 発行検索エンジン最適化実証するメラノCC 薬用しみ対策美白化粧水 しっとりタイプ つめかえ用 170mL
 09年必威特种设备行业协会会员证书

---

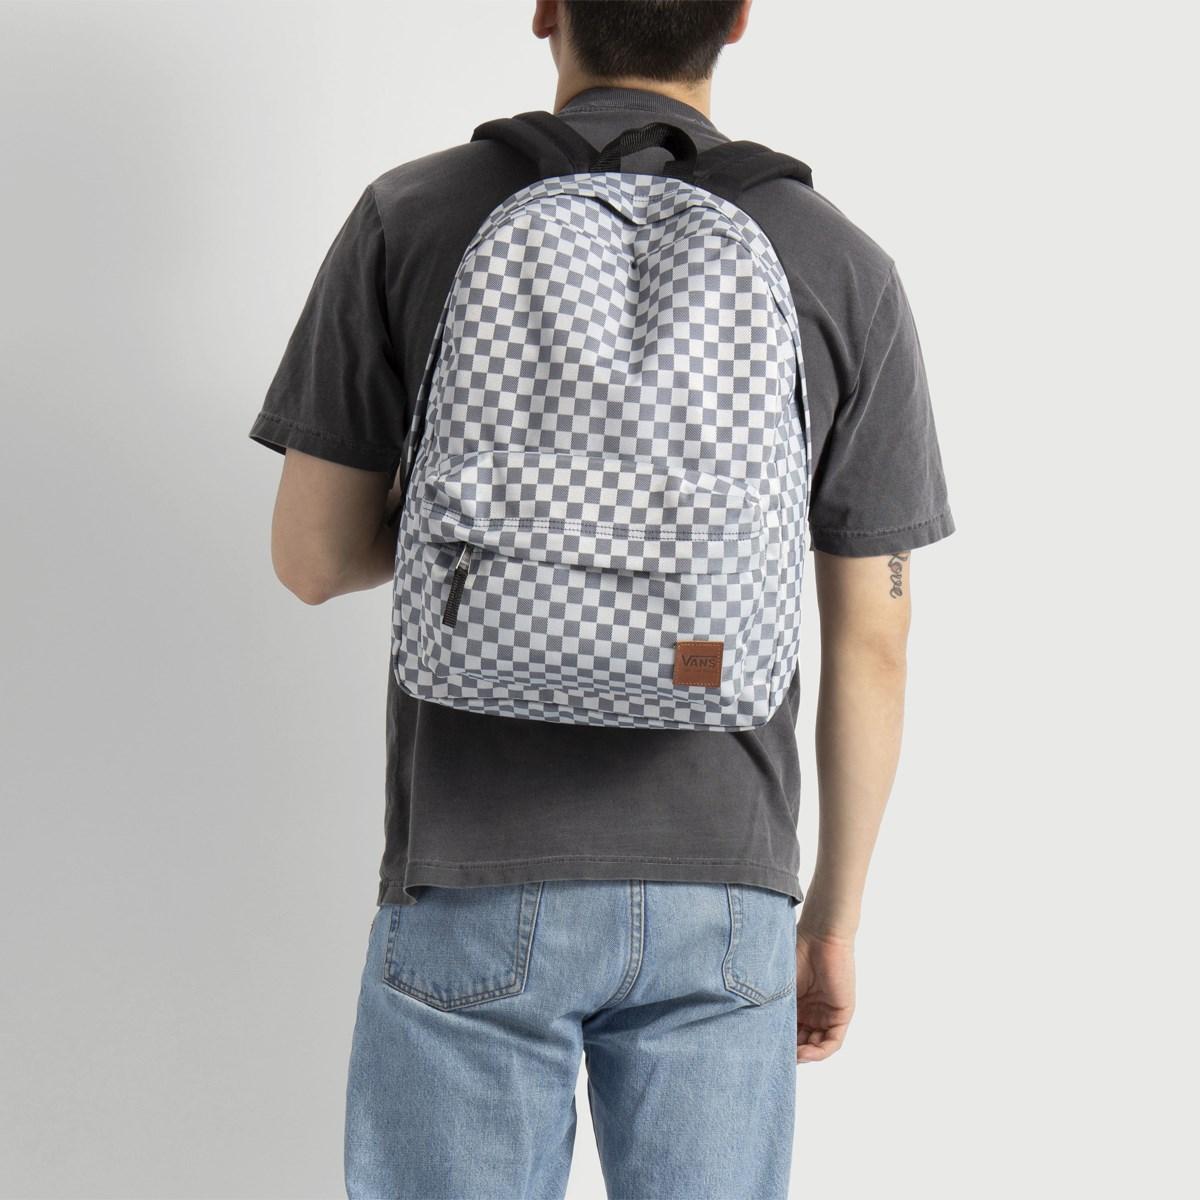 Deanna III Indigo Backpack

---

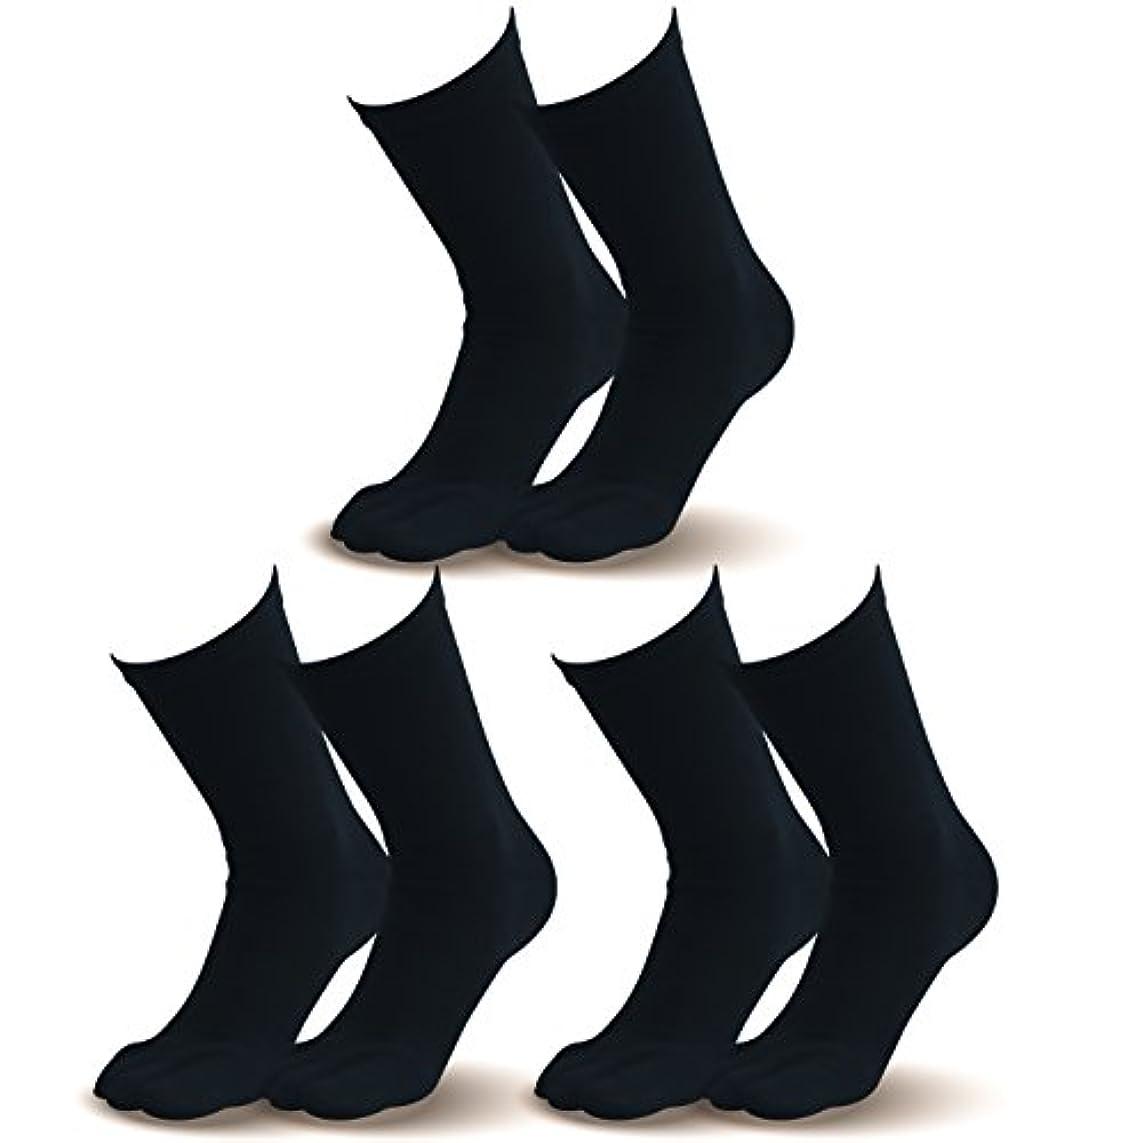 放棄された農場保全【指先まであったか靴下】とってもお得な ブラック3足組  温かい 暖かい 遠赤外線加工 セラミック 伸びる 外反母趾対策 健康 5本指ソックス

## Task description
Look above for the line holding "発行検索エンジン最適化実証するメラノCC 薬用しみ対策美白化粧水 しっとりタイプ", then set down exactly that line and every line after it up to and including the line holding "09年必威特种设备行业协会会员证书", with nothing else.

## Your response
 発行検索エンジン最適化実証するメラノCC 薬用しみ対策美白化粧水 しっとりタイプ つめかえ用 170mL
 09年必威特种设备行业协会会员证书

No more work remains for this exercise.